### Data extract ###

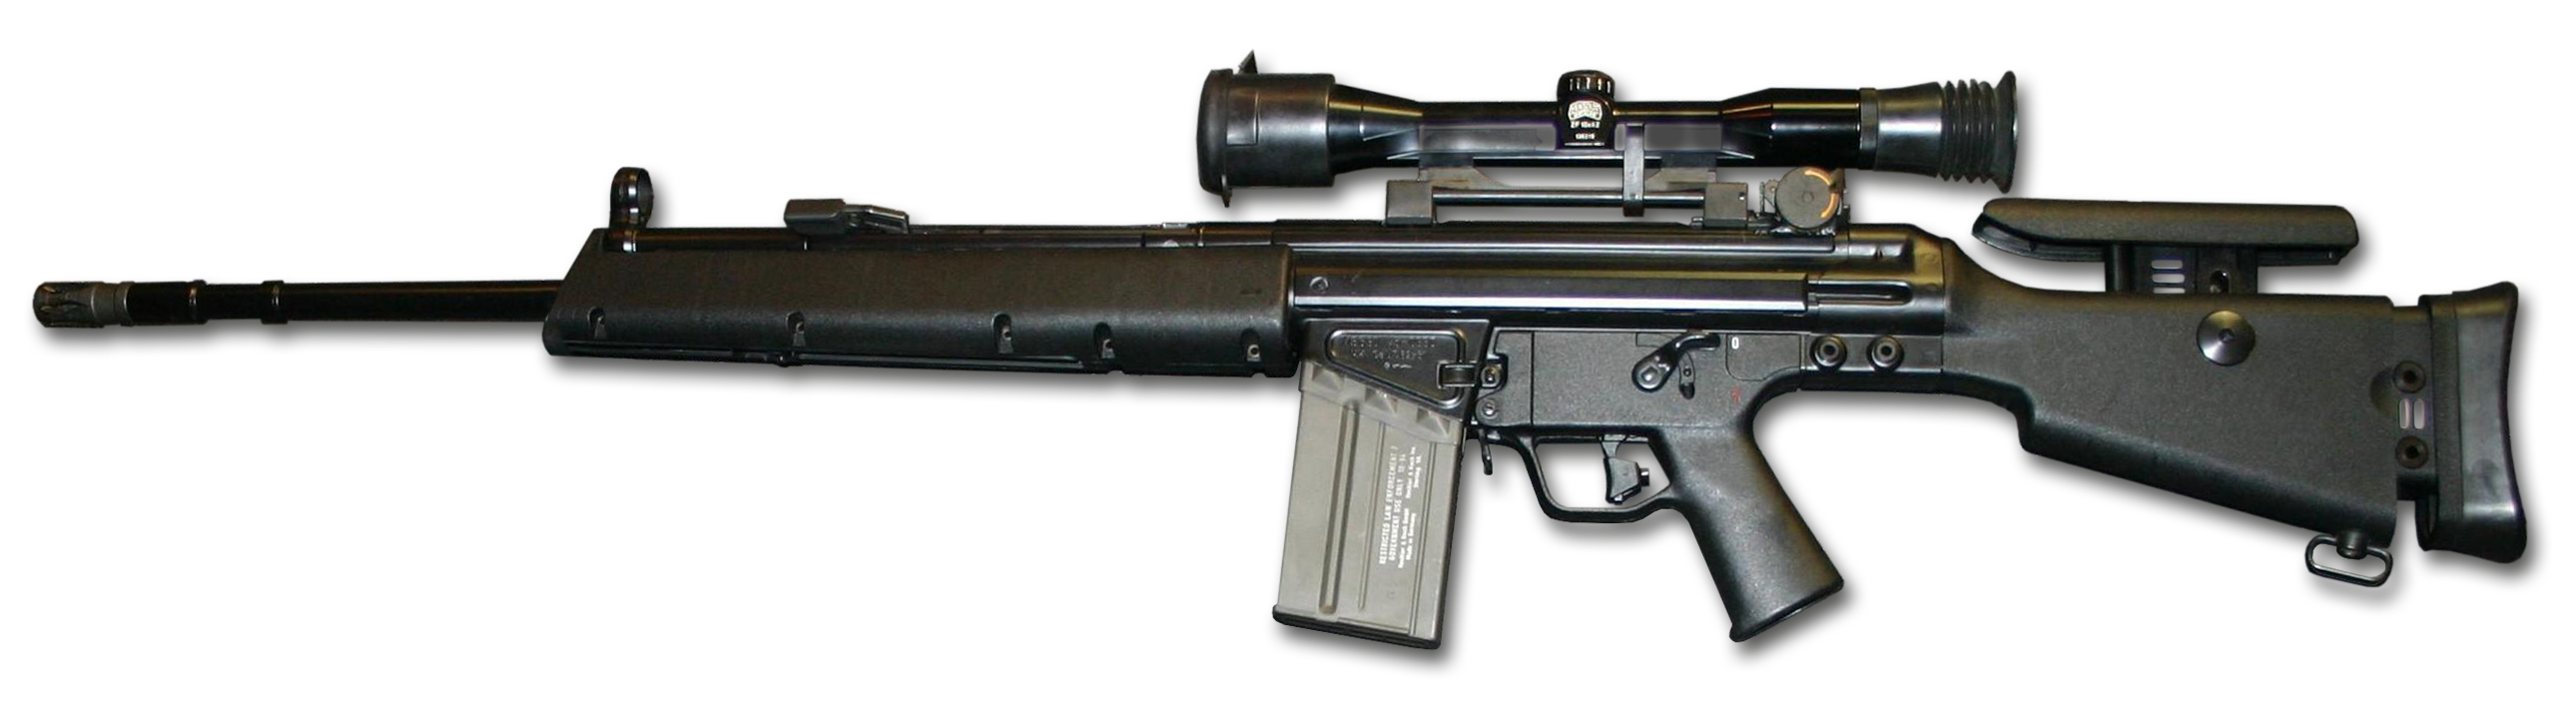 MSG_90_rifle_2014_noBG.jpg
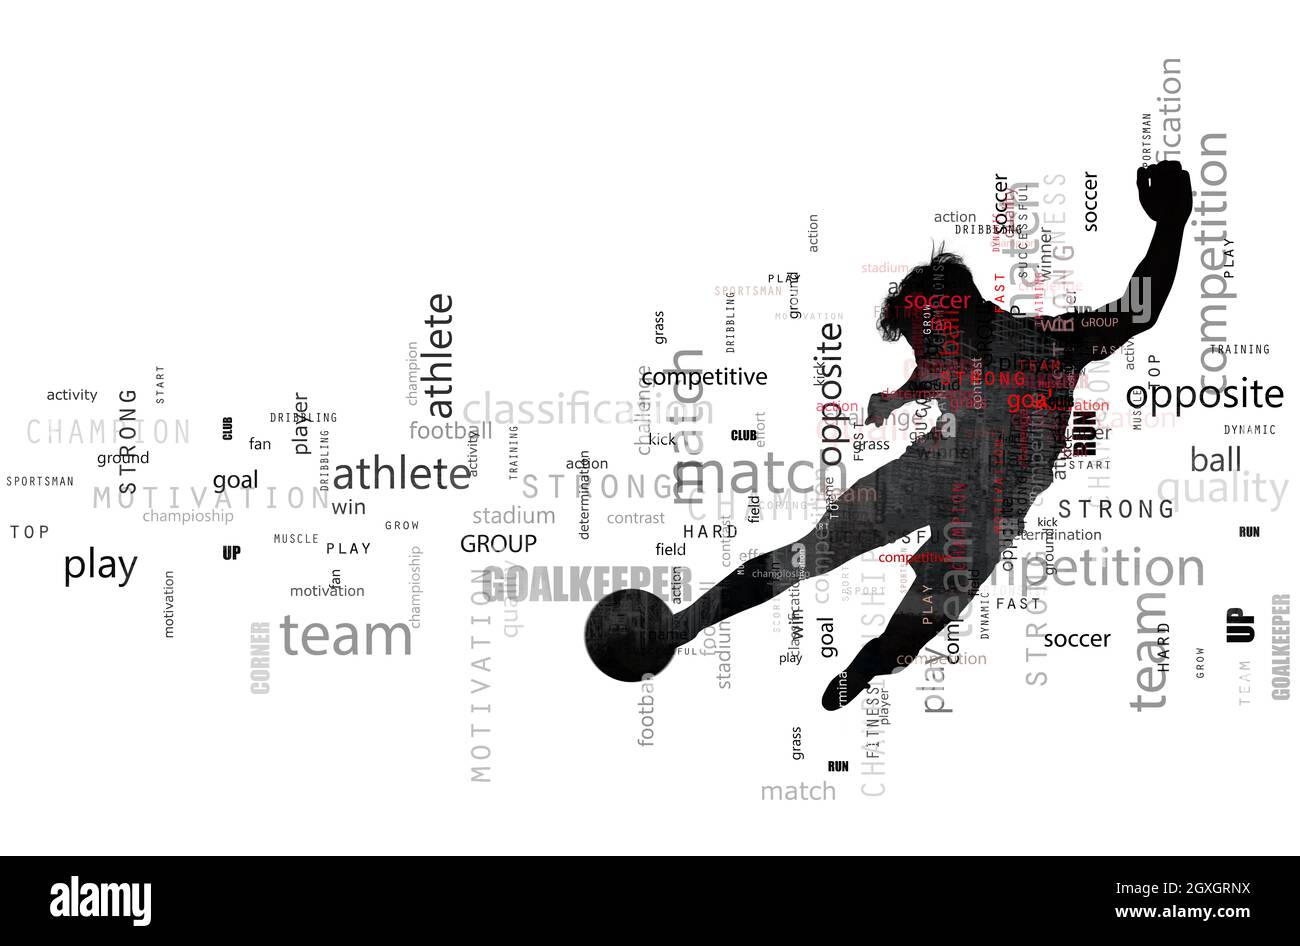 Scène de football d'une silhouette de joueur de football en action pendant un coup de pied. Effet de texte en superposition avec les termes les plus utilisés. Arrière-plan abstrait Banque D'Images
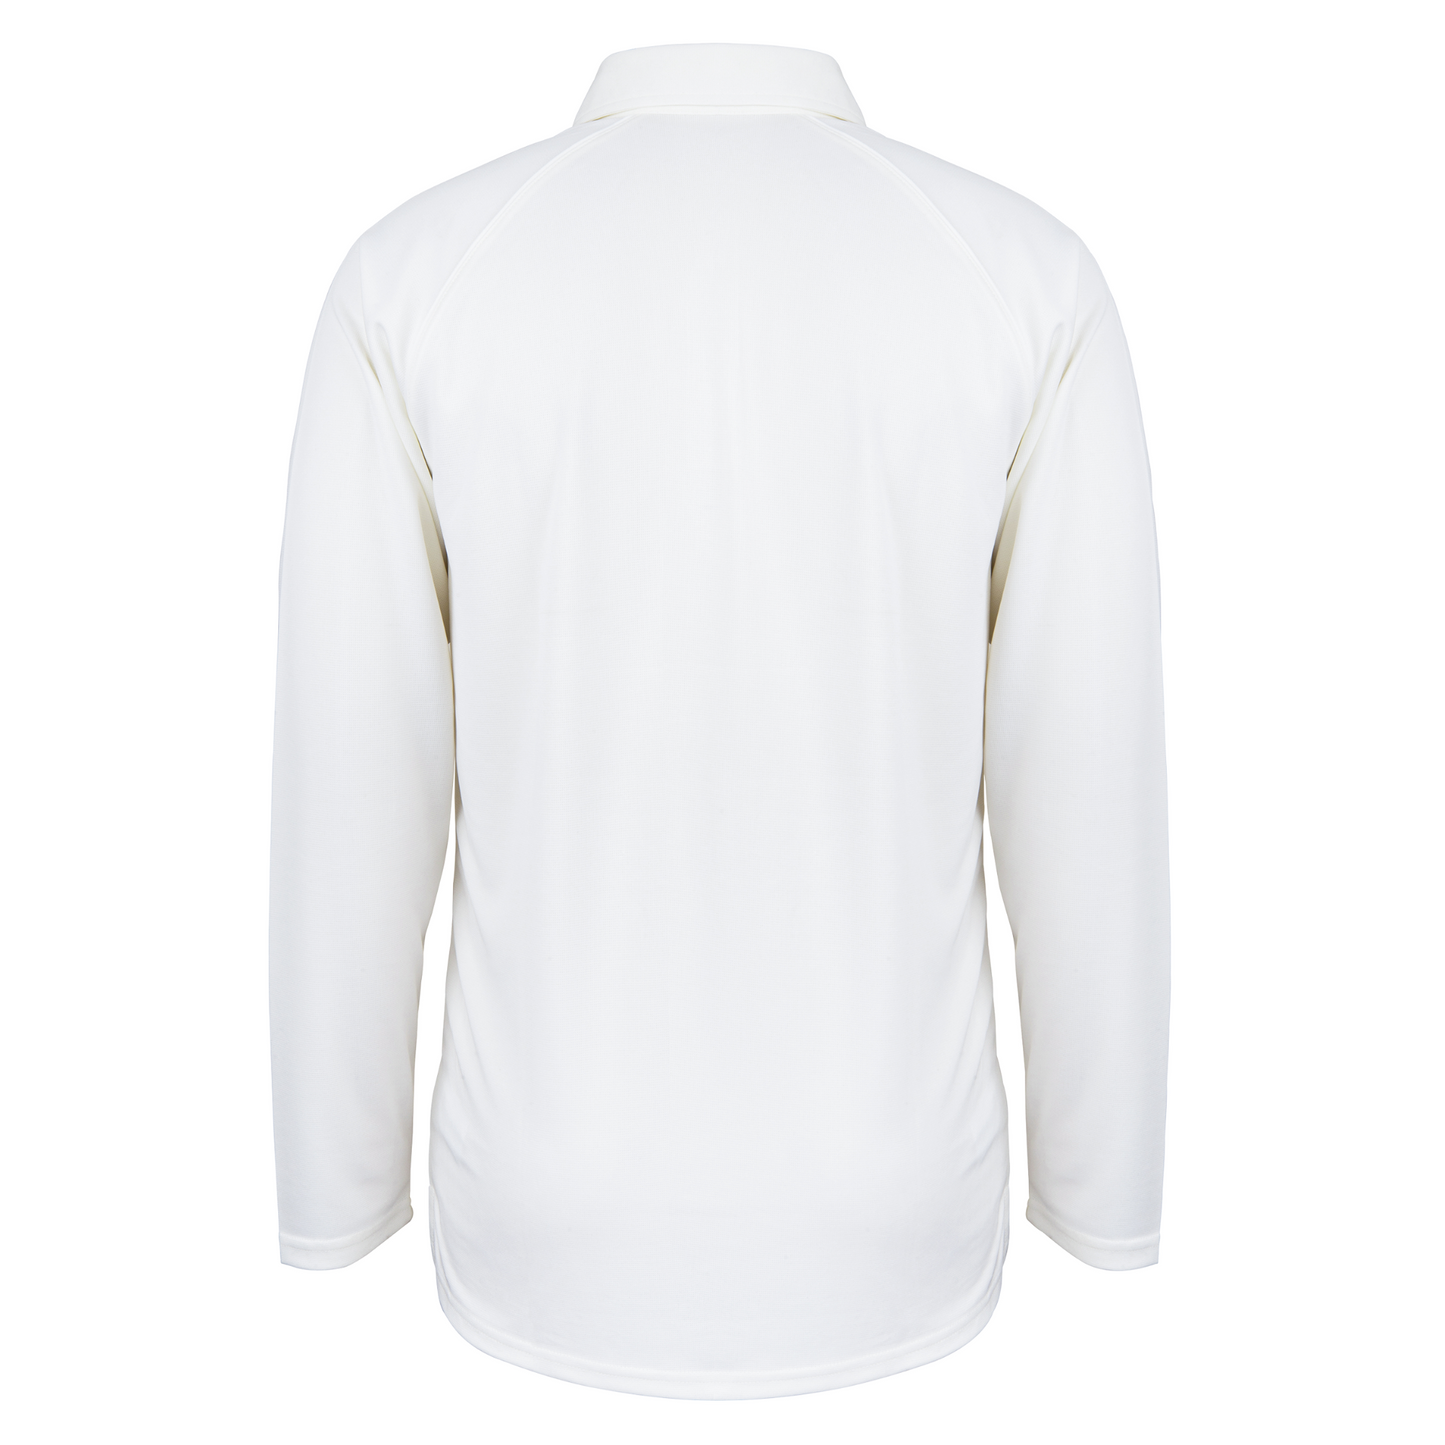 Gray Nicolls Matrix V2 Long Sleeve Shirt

###

Skipping the pictures, transcribe each line above exactly as it appears.

» Task output:
 MSG_90_rifle_2014_noBG.jpg
 Scène de football d'une silhouette de joueur de football en action pendant un coup de pied. Effet de texte en superposition avec les termes les plus utilisés. Arrière-plan abstrait Banque D'Images
 Gray Nicolls Matrix V2 Long Sleeve Shirt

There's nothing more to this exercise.